**ABOUT THIS EXERCISE**
Take the lines from the one with "847 besten Crochet" to the end of the listing, both ends included, and quote them exactly, leaving pictures out.

**COLLECTED MATERIAL**
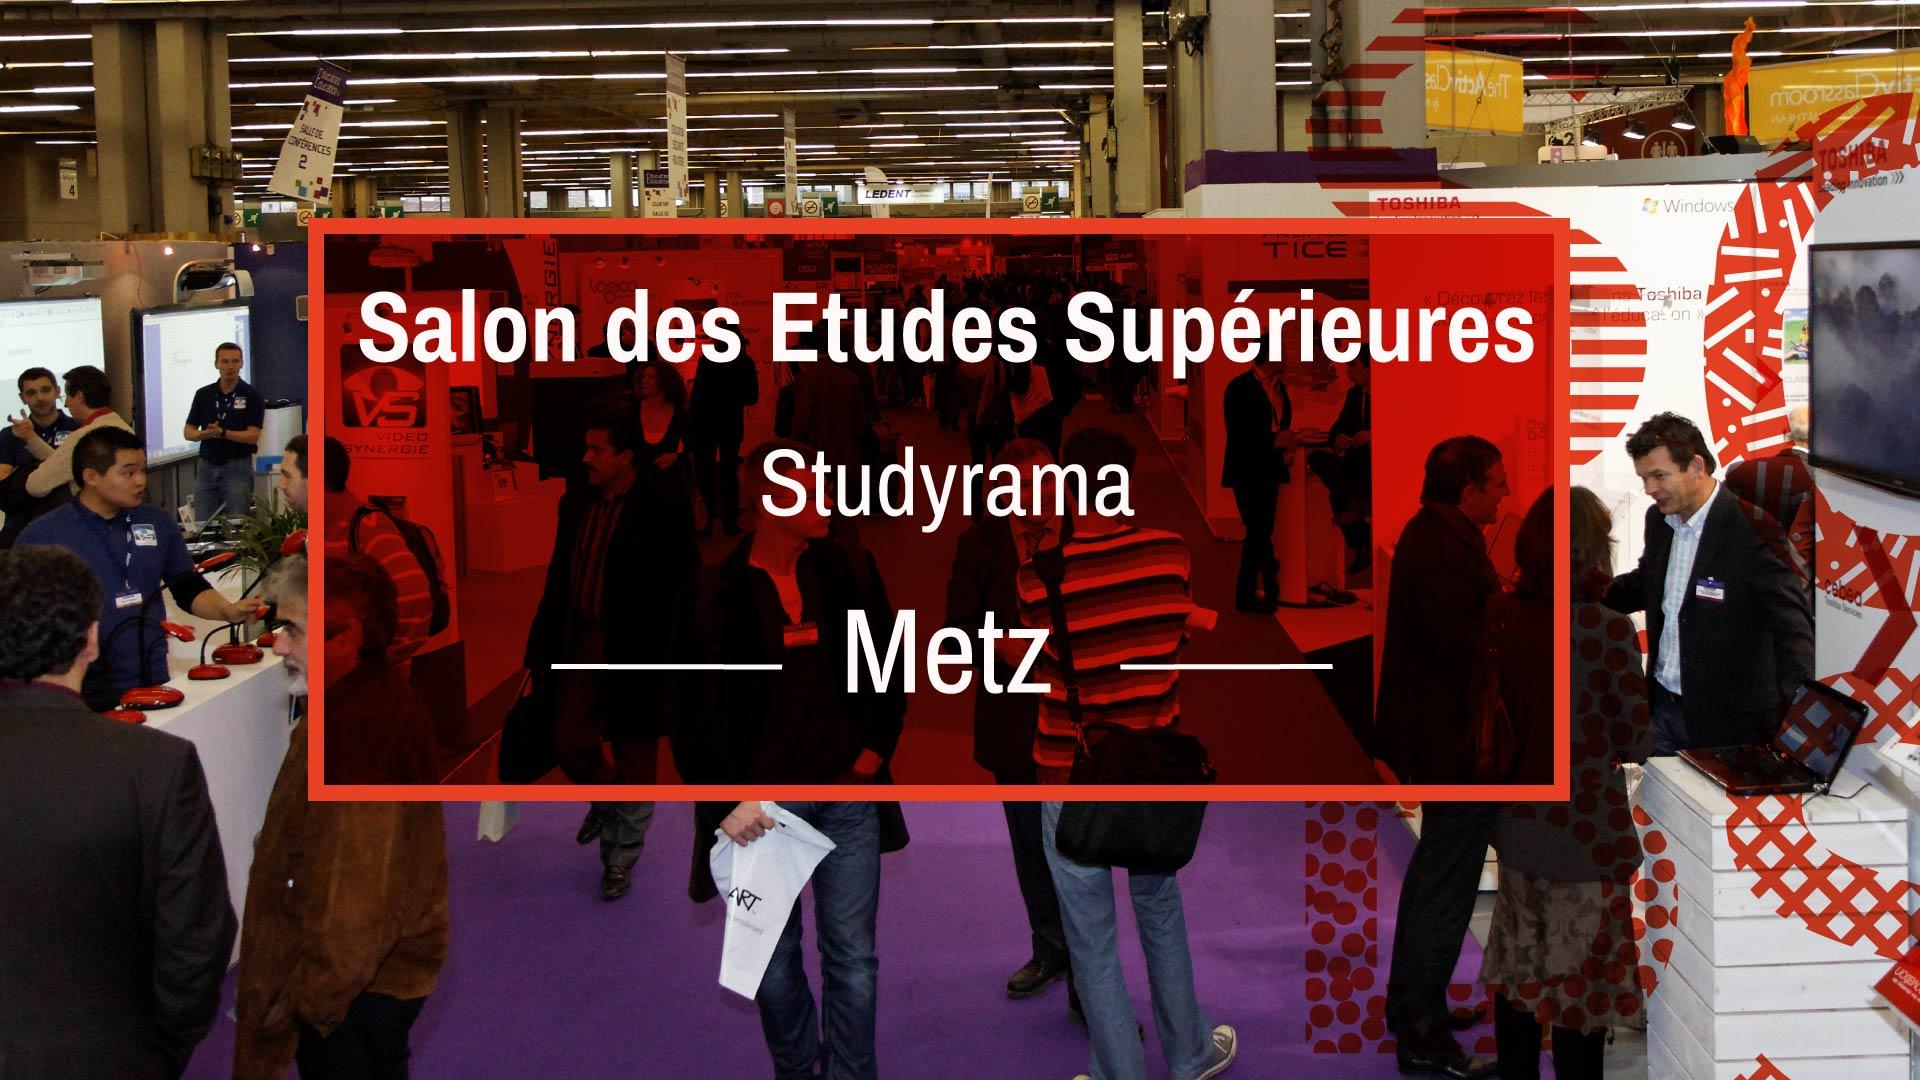 Salon-Studyrama-Metz
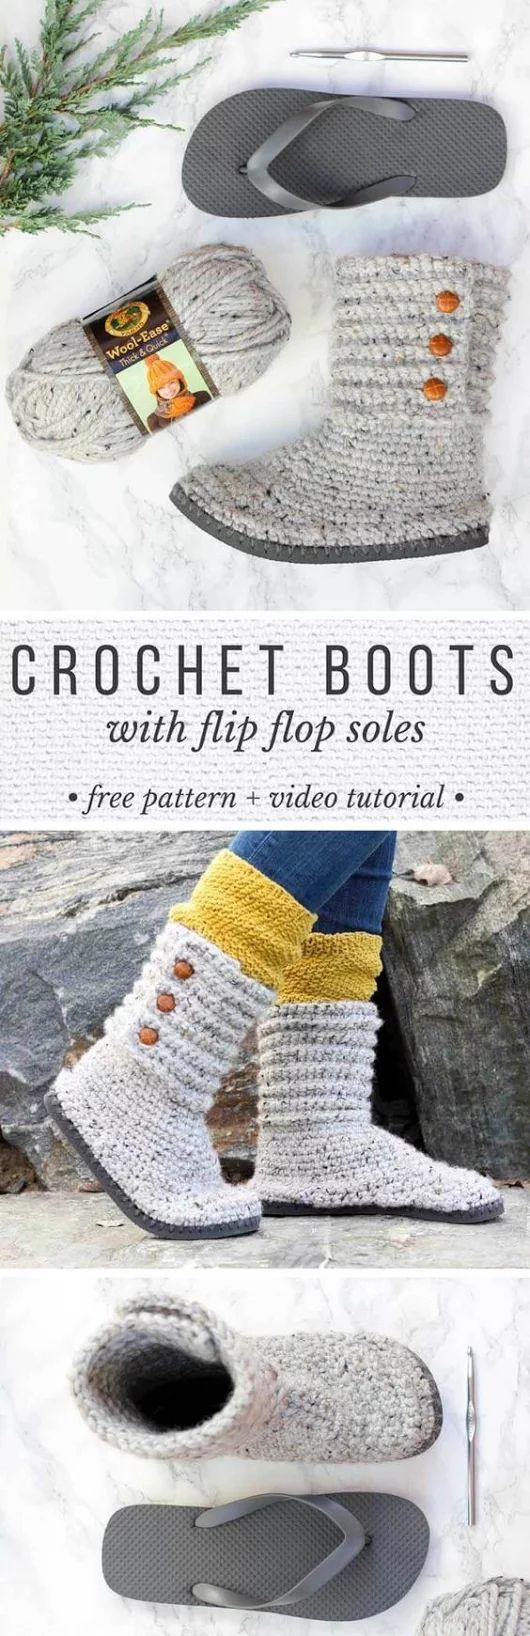 847 besten Crochet & Knitting Bilder auf Pinterest | Musterhäkeln ...
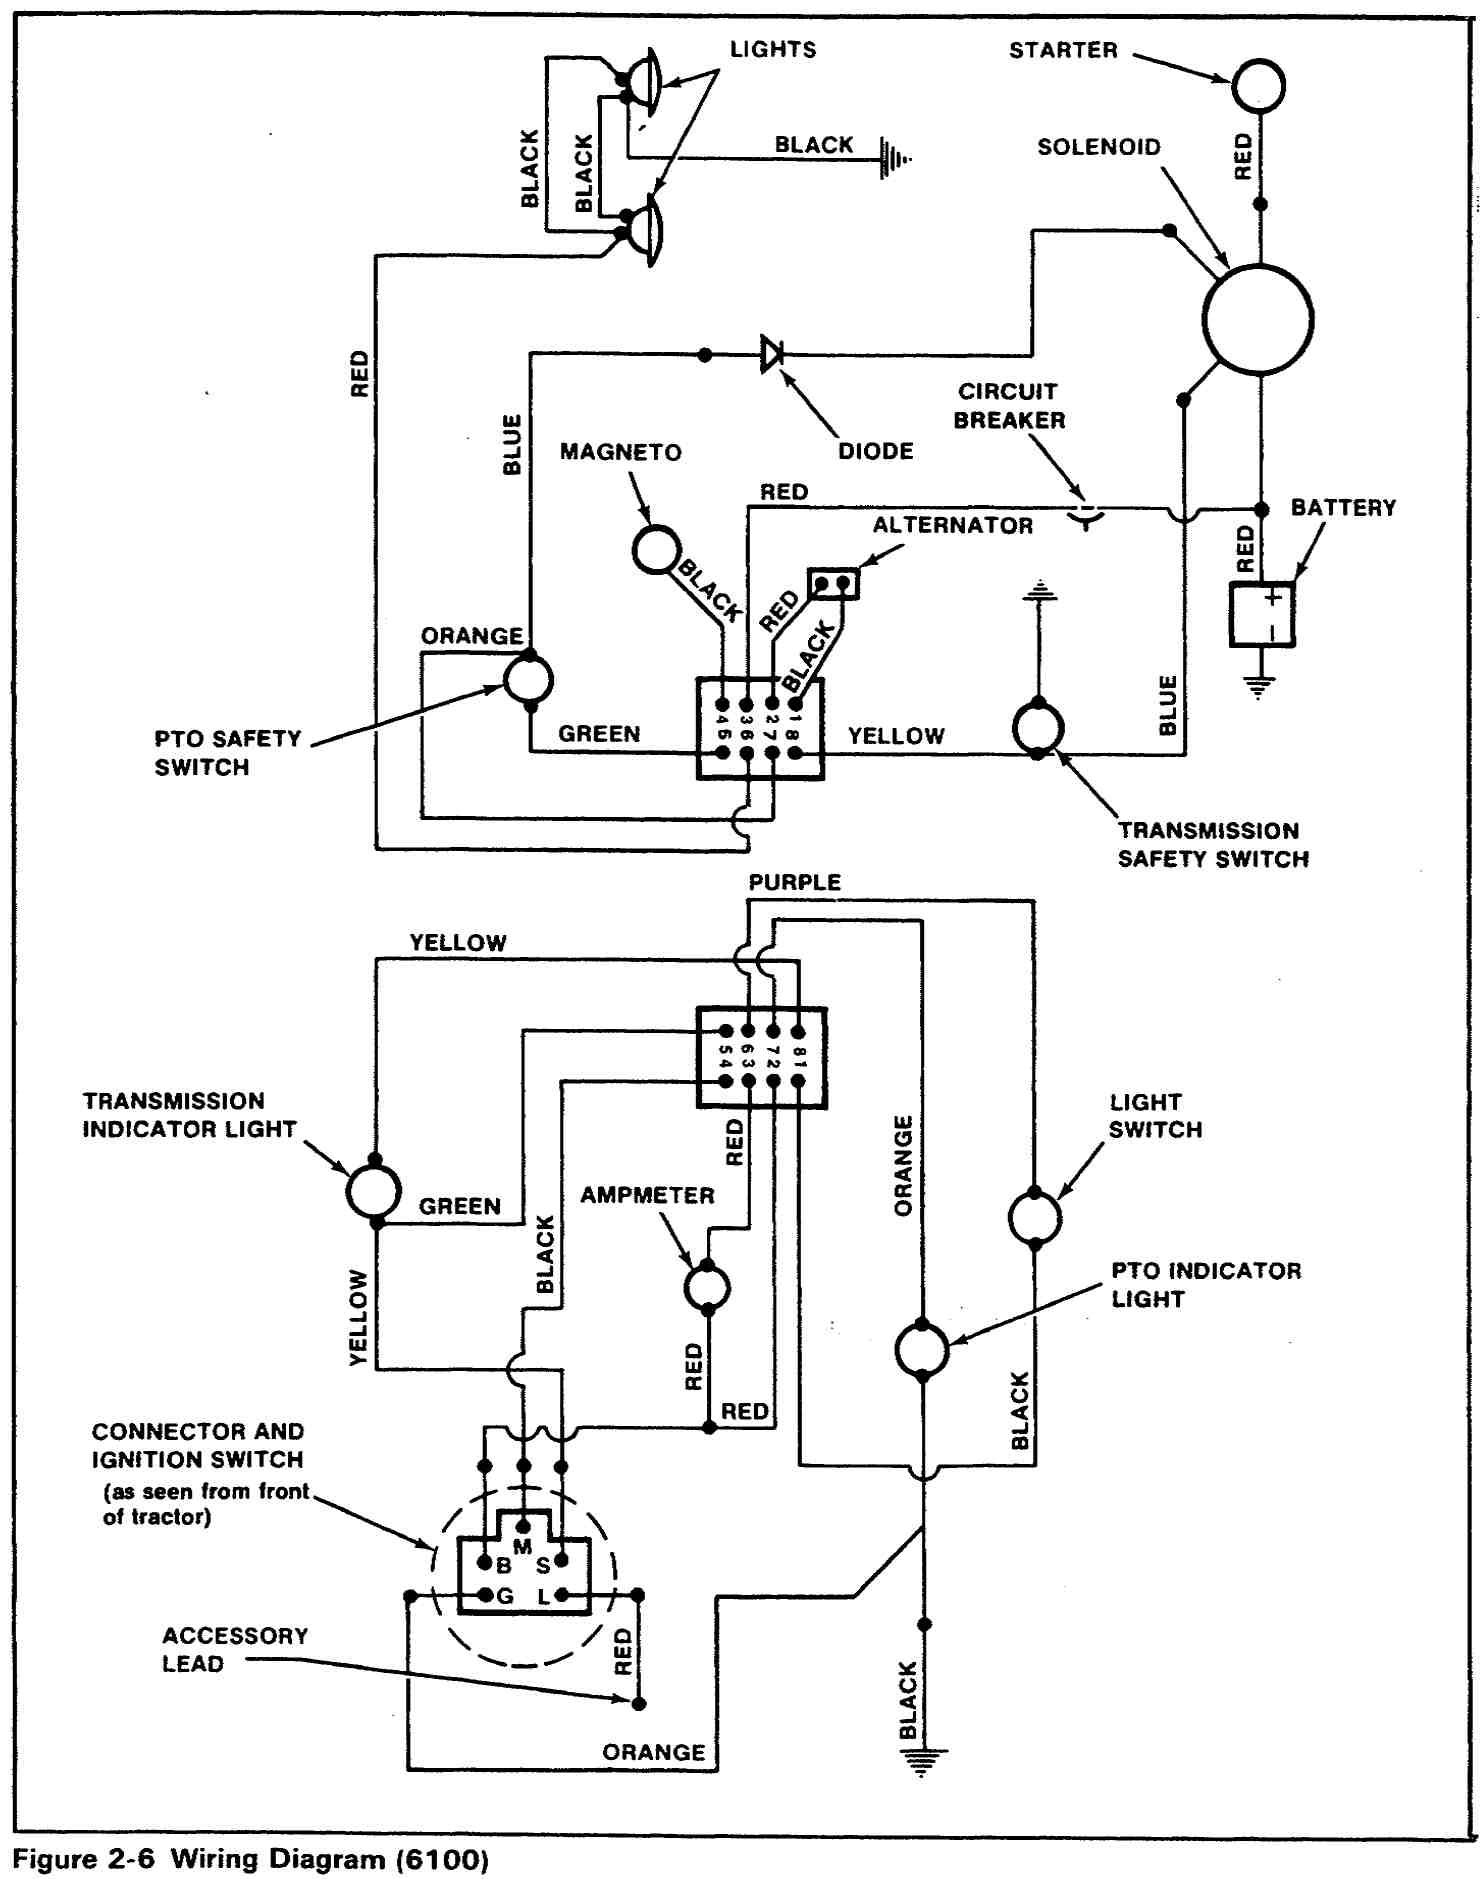 simplicity mower wiring diagram simplicity wiring diagrams wiring diagram data  simplicity wiring diagrams wiring

**SOLUTION FOR THIS PROBLEM**
 847 besten Crochet & Knitting Bilder auf Pinterest | Musterhäkeln ...
 simplicity mower wiring diagram simplicity wiring diagrams wiring diagram data  simplicity wiring diagrams wiring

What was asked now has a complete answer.